Расставание растянулось. Вначале показались смешными его обиды. Как можно дуться на то, что ее мучает новая роль! Она занята в па-де-катр, но у Игоря парадоксальная логика: раз она – одна из четырех, то можно и смухлевать, смыться с репетиции, если у него есть хата, свободная днем. Аргумент незыблемый для профана: одно дело – главная партия, премьера, все такое, но тут-то рядовая показуха, концерт закрытия сезона. Инга пыталась объяснять, но разве втолкуешь очевидное; сипела, плакала на ветру, – Игорь был непроницаем. «Ты же сама признавалась, что балет для тебя – случайность. Вот и уйди из театра, тогда и поговорим… и откуда у тебя эта куртка?»
Куртку отдала Олеська. Она стала «богатенькой буратинкой», кутила и радовала глаз оптимизмом ядовито-голубого макияжа. Подарила куртку, не такую, как обычно отдают из жалости, не пришей кобыле хвост, а модную, из желто-кремовой кожи. И еще отдала кое-что, даже трусами поделилась с кружевами цвета, как помпезно называла его, терракотового. Инга от радости и не знала, куда заховать вновь обретенное хозяйство, никто ей такого в жизни не дарил.

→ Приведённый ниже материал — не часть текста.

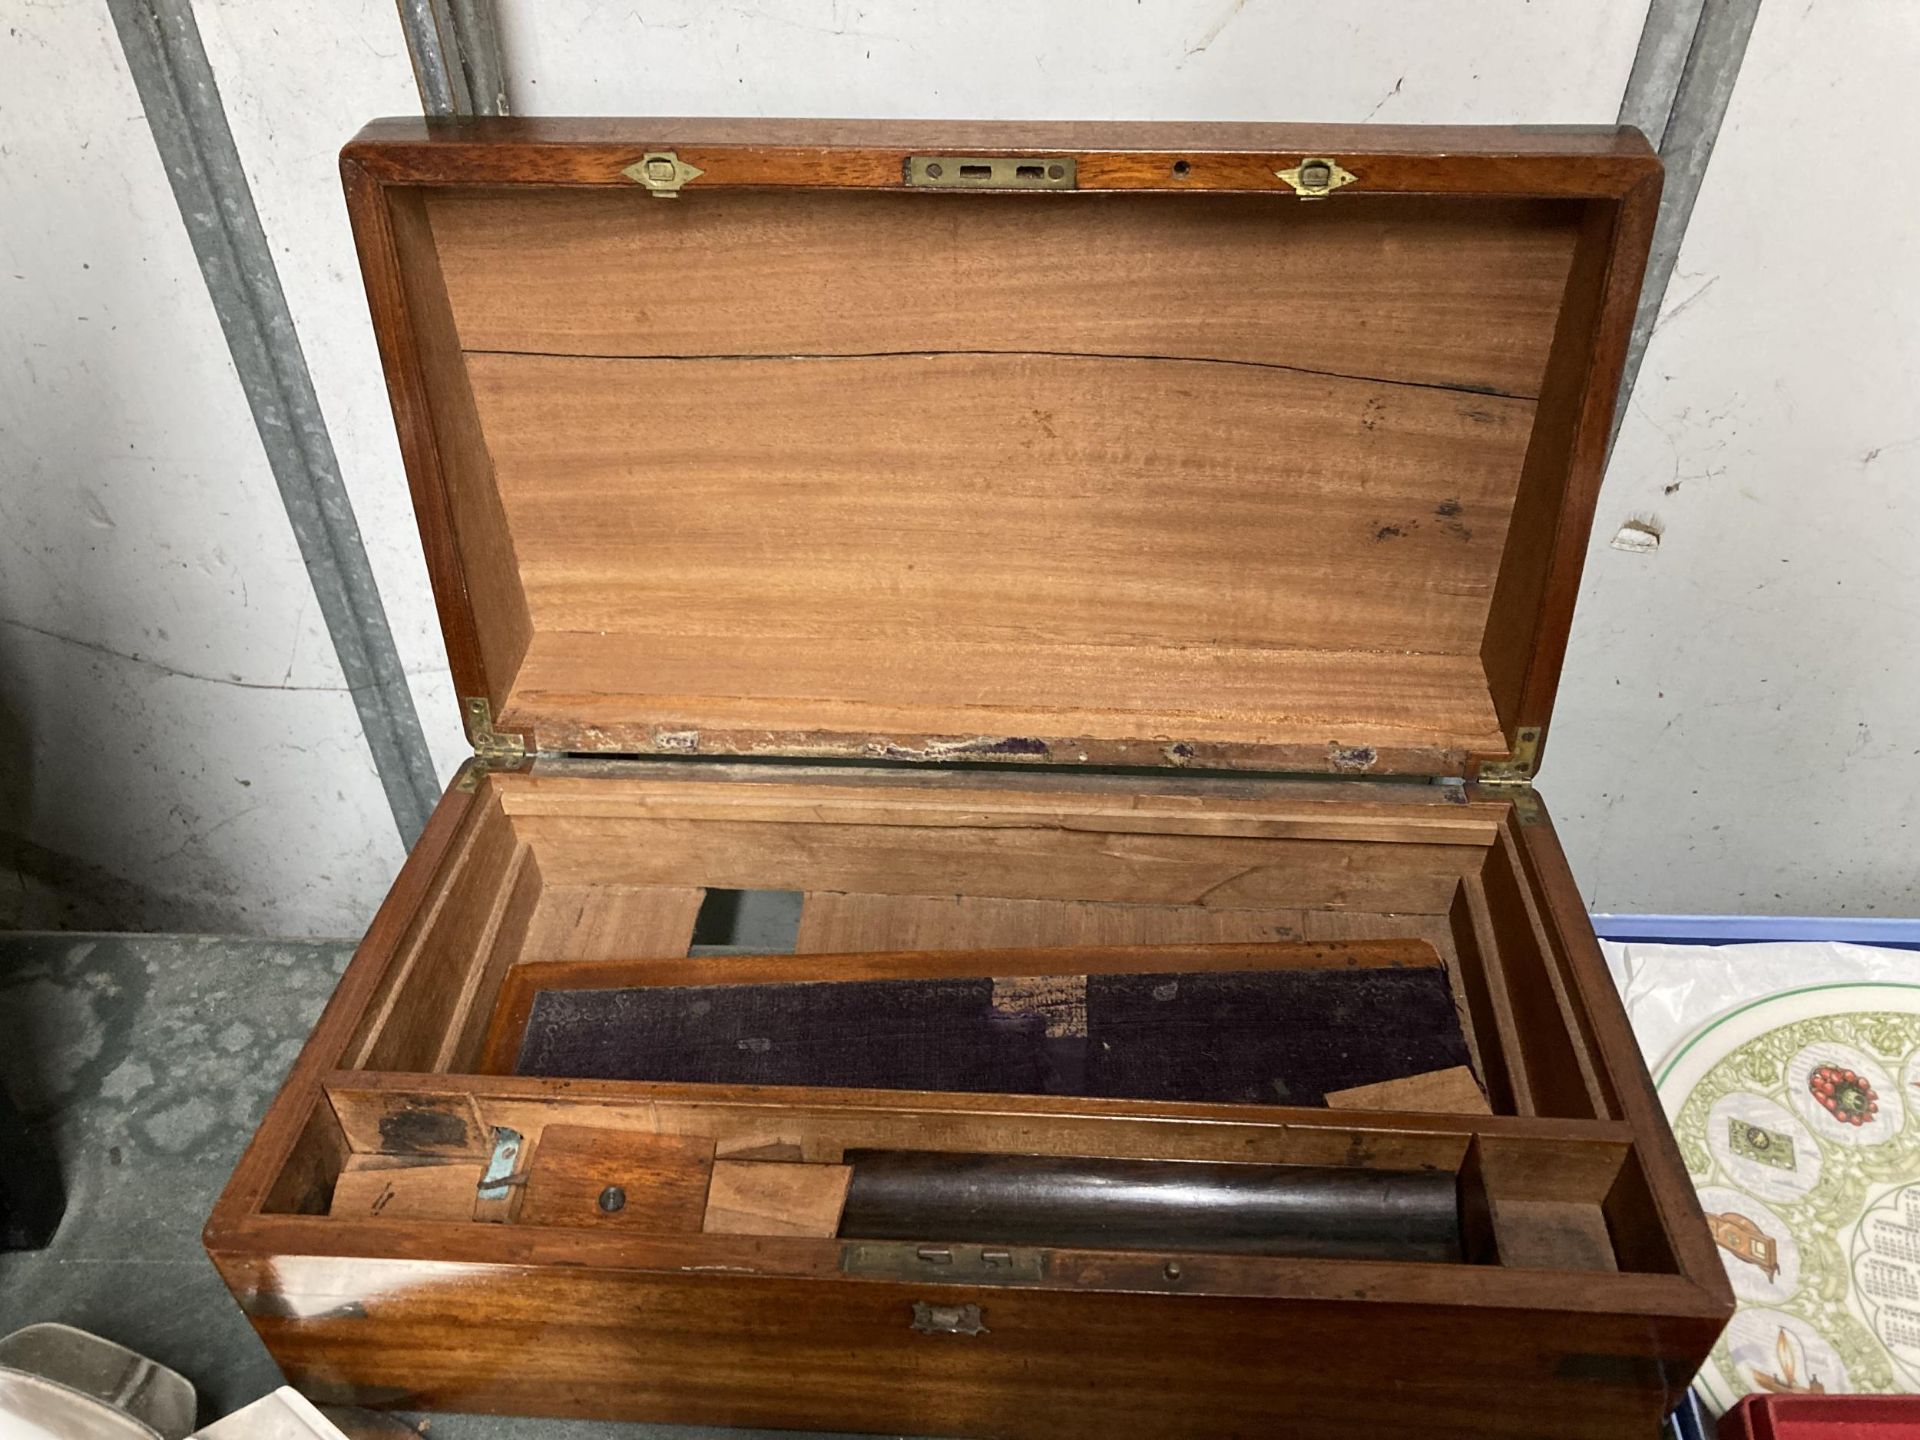 A MAHOGANY WRITING SLOPE WITH BRASS CORNERS AND ESCUTCHEON - IN NEED OF RESTORATION - Image 2 of 3

И вот Игорек теперь ропщет. Из театра, видите ли, уйти! Куда? На улицу, подъезды мыть? Или, может быть, Нелли ожидает ее с хлебом-солью и пирожками с капустой?! Тогда к тому же были не самые плохие времена, если не лучшие. Общежитие при театре – развалюха, конечно, но это тебе не монастырь училища с девочками – змеиными головками, здесь народ потеплее, да и Инга уже болела болтливостью в необходимой для кочевой жизни форме. Здесь много славных физиономий, чужие сорванцы обнимают ее за ногу вместо приветствия, а она дарит им елочные игрушки из пенопласта и блестящие шарики из фольги на резинке. Такая мода.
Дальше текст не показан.